Es esta identidad lo que siempre ha estado en entredicho, debatida incluso por los propios comparatistas. Saussy sugiere que «La fragilidad de la literatura comparada como institución y su éxito como conjunto de ideas se reducen a lo mismo: su falta de un objeto definitorio permanente, una posición entre y (metodológicamente hablando) por encima de las disciplinas con campos y cánones determinados, y una apertura a conexiones laterales y generalizaciones nomotéticas» (Saussy, 2006: 24). Esto es lo que la convierte, según Saussy, en una disciplina que ha de estar permanentemente atenta a los cambios en su entorno y a las condiciones de delimitación que la hacen posible, y examinar tales condiciones es el objetivo de los informes periódicos sobre el estado de la disciplina como el que él mismo ha coordinado.

Estado de la disciplina

La ACLA está obligada por sus propios estatutos a elaborar cada diez años un informe sobre los estándares de la disciplina, es decir, sobre en qué consiste ser un comparatista y qué formación requiere. El primer informe lo presentó en 1965 un comité presidido por Harry Levin, en 1975 el presidente fue Tom Greene. El informe de la década de los 80 no llegó a presentarse porque el presidente del comité quedó tan insatisfecho con los resultados que lo vetó. El siguiente encargo recayó en Charles Bernheimer, cuyo comité presentó en 1993 un informe muy polémico que fue sometido a debate en la convención de ese año de la Modern Language Association, con réplicas de K. Anthony Appiah, Mary Louise Pratt y Michael Riffaterre. Los tres informes de 1965, 1975 y 1993 se publicaron luego, conjuntamente con las tres ponencias del MLA y trece colaboraciones más que reflejaban posiciones diversas, bajo el título Comparative Literature in the Age of Multiculturalism . El informe Bernheimer ya no pretendía establecer estándares, sino que hablaba de la «misión intelectual de la disciplina», mientras que Saussy renunció por completo a redactar un informe unificado y se limitó a reunir una colección de ensayos sobre «el estado de la disciplina» y a añadirles siete artículos de respuesta. La saga de los informes de la ACLA es un retrato de las transformaciones y conflictos sufridos por la disciplina en el medio siglo más activo de su existencia y en el país más abierto a los cambios (y a la vez más susceptible a las modas). En cierto modo, es esta evolución misma la que define a la disciplina, porque como dijo el recientemente fallecido filósofo Richard Rorty (quien por cierto ocupó una cátedra de literatura comparada en Stanford), «las disciplinas académicas tienen historias, pero no esencias» (Saussy, 2006: 66).
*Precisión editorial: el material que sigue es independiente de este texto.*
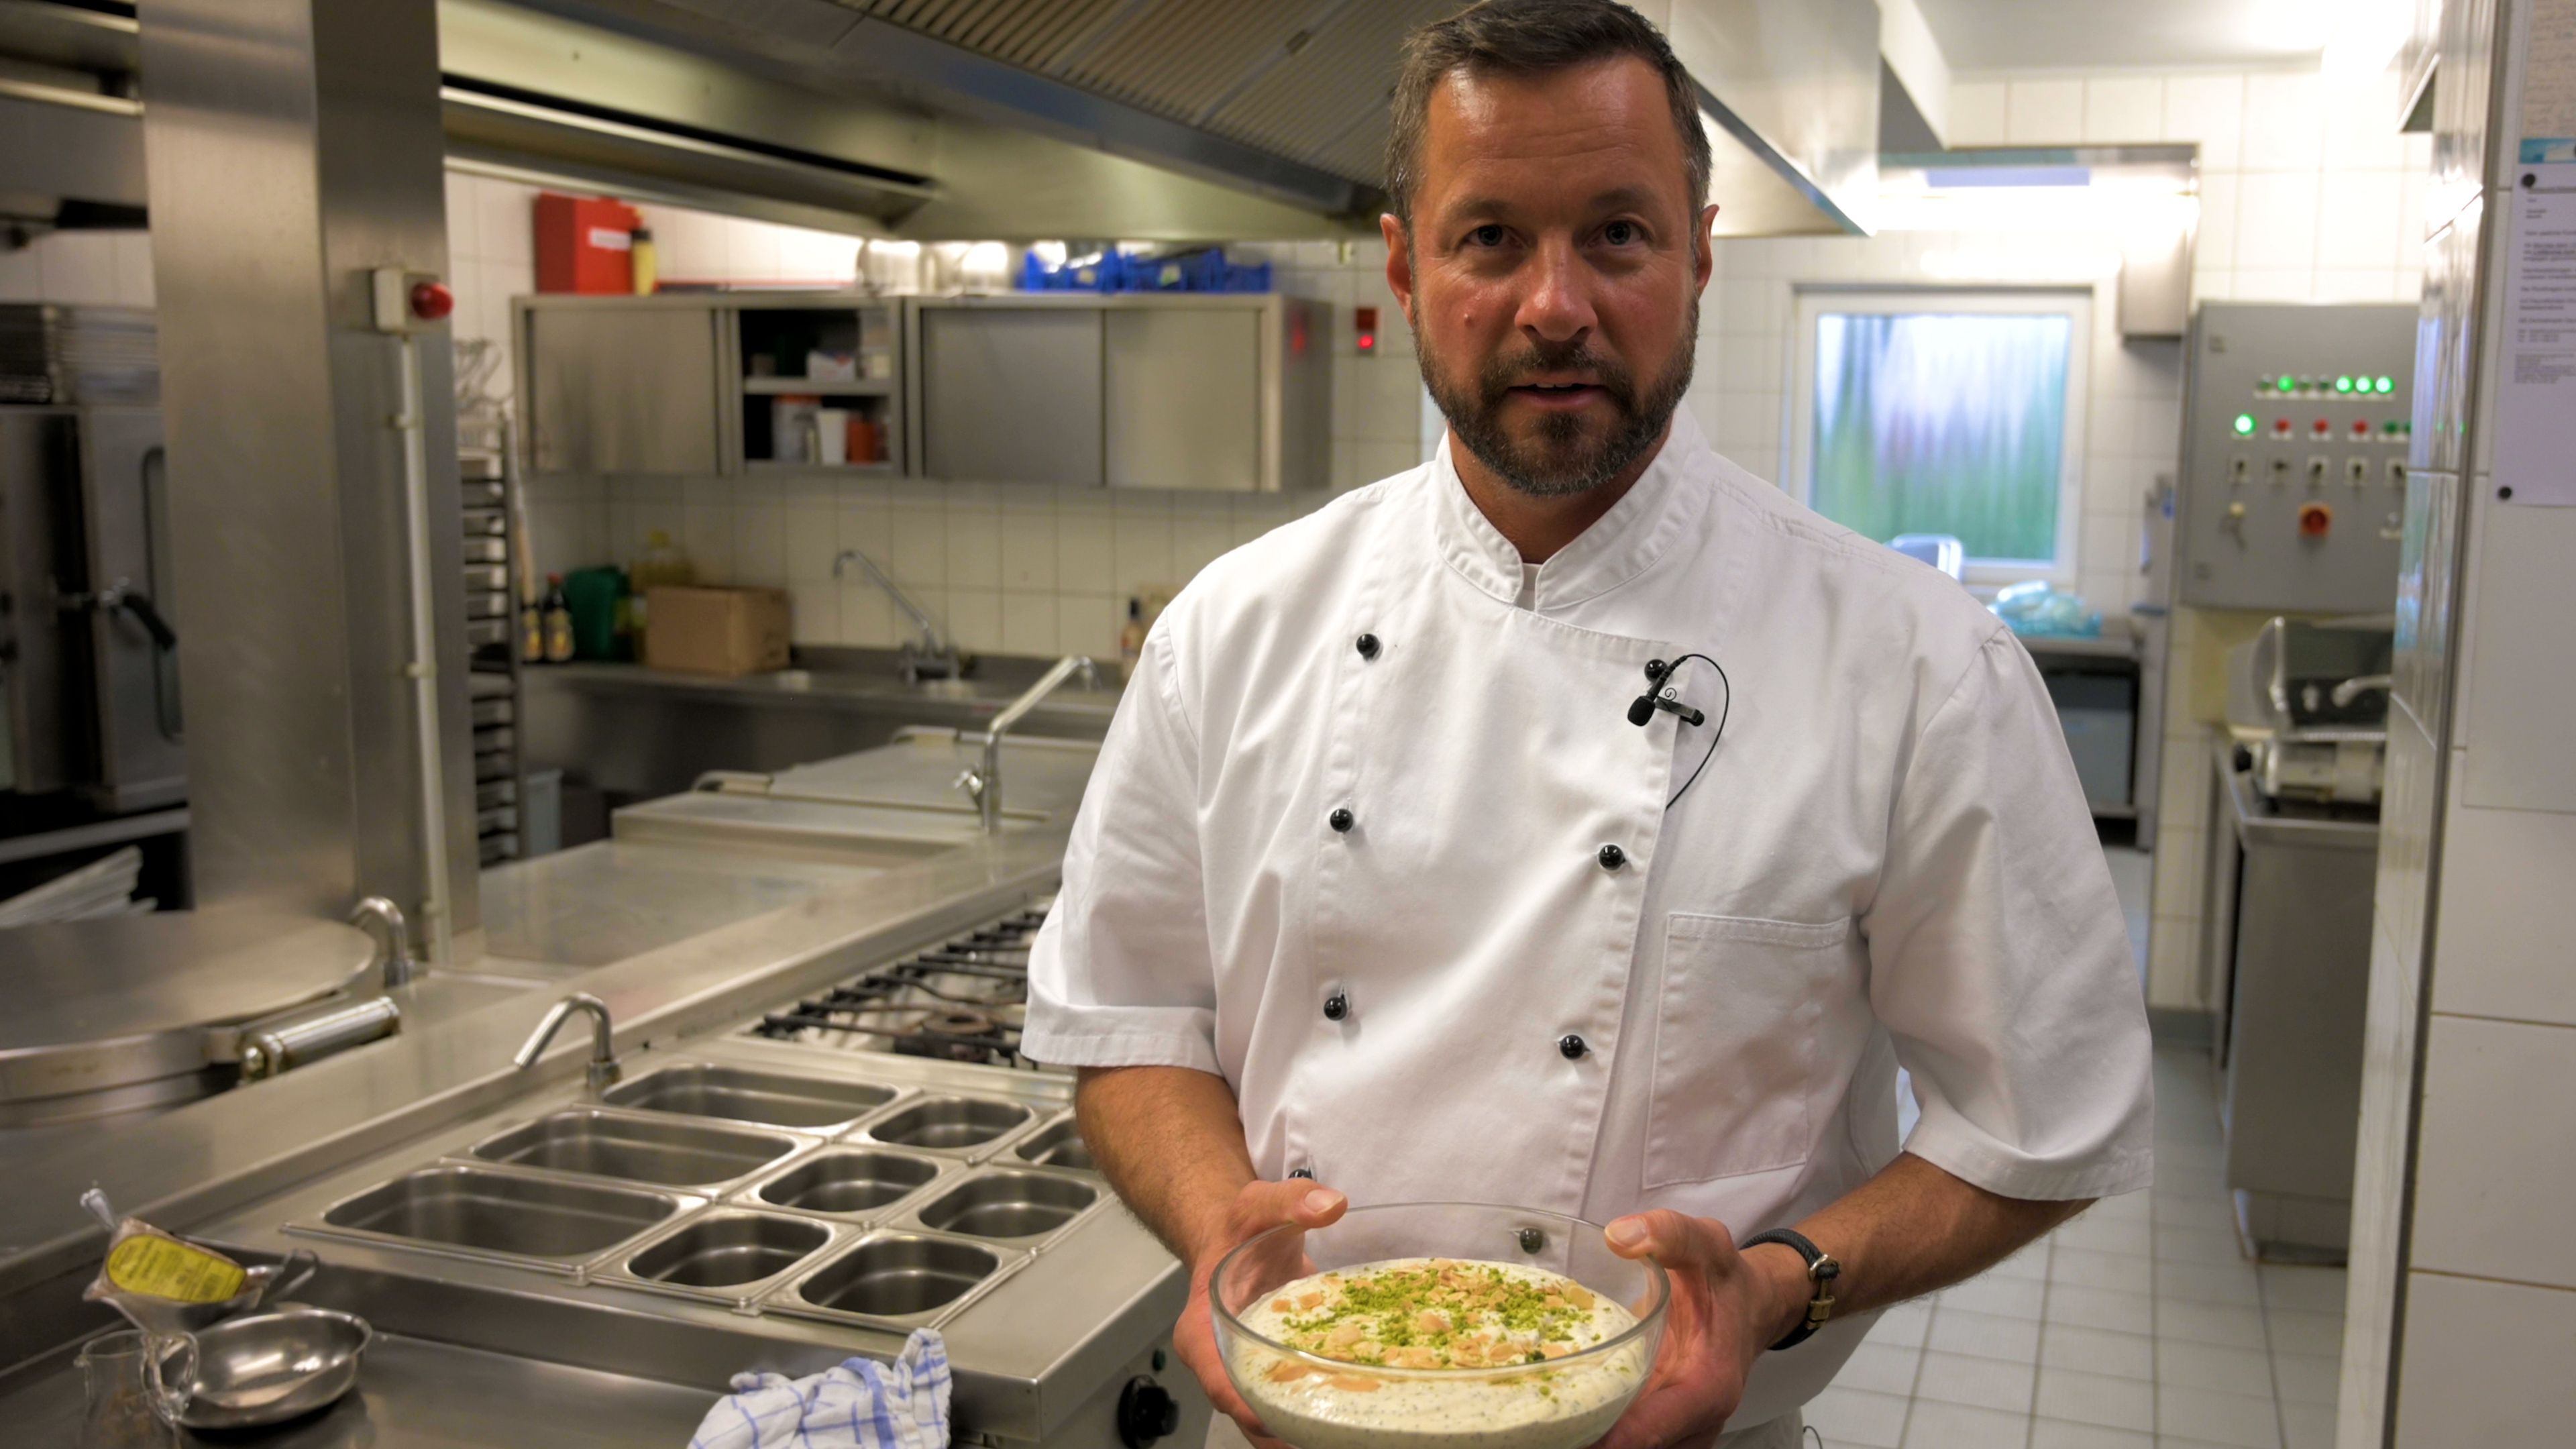 Küchenchef Bernd Schomaker verrät seine Dessert-Idee für die Feiertage. Foto: Duzat

En nuestro país la literatura comparada no está suficientemente institucionalizada como para poder someterse al requisito de las evaluaciones periódicas, pero tiene ya algo de historia. Hace casi veinte años del comentario de Claudio Guillén con el que empezaba este artículo y cuando ese plazo se cumpla, en otoño de 2008, la SELGYC se volverá a reunir en Barcelona para celebrar su décimo séptimo congreso bianual. Claudio Guillén nos ha dejado. La reflexión sobre su legado será uno de los temas de este próximo congreso, así que no estará en realidad ausente. A la vista de todos estos factores, parece una buena ocasión para hacer repaso y considerar el estado de la cuestión: ¿qué papel juega en España la literatura comparada?, ¿cuál es su estado de salud?, ¿se ha cumplido el programa? Son maneras indirectas de rastrear la huella que ha dejado la labor de Guillén tras su regreso a su país natal, aunque su aportación al comparatismo, español e internacional, en ningún caso puede medirse por la fortuna o infortunios de la disciplina, que estuvieron fuera de su control, sino que están en su obra y en su ejemplo.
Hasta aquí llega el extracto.